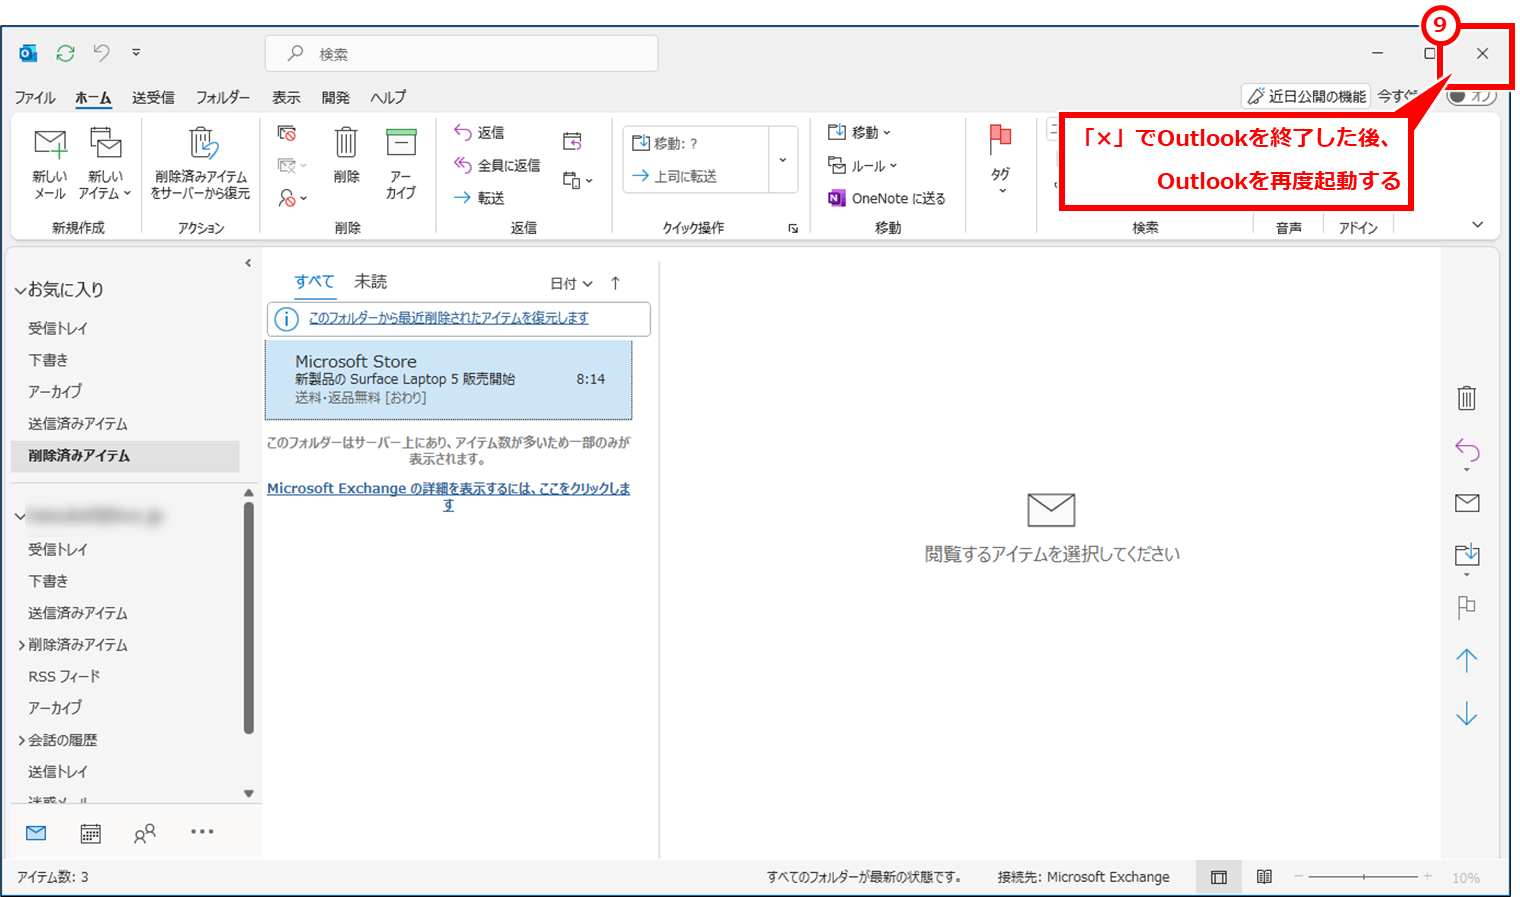 Outlook １年以上前の過去のメールが見れない場合の対処
Outlookを×ボタンで終了し、再度Outlookwo起動しなおすと反映される。
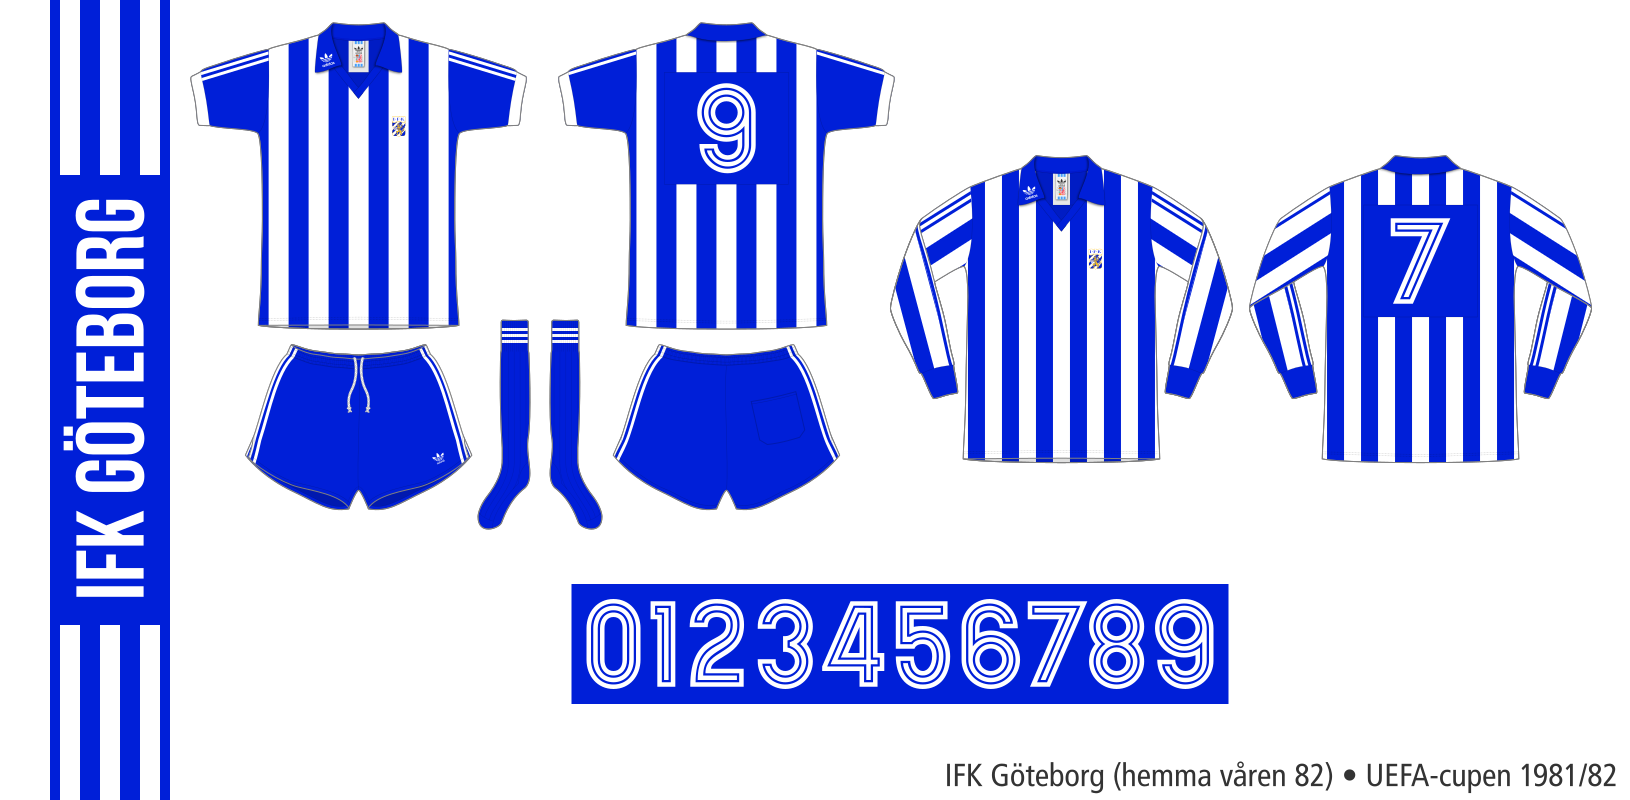 IFK Göteborg 1982 (UEFA-cupen)

++++++++

Transcribe the listing above verbatim. Omit the pictures.

 Outlook １年以上前の過去のメールが見れない場合の対処
Outlookを×ボタンで終了し、再度Outlookwo起動しなおすと反映される。
 IFK Göteborg 1982 (UEFA-cupen)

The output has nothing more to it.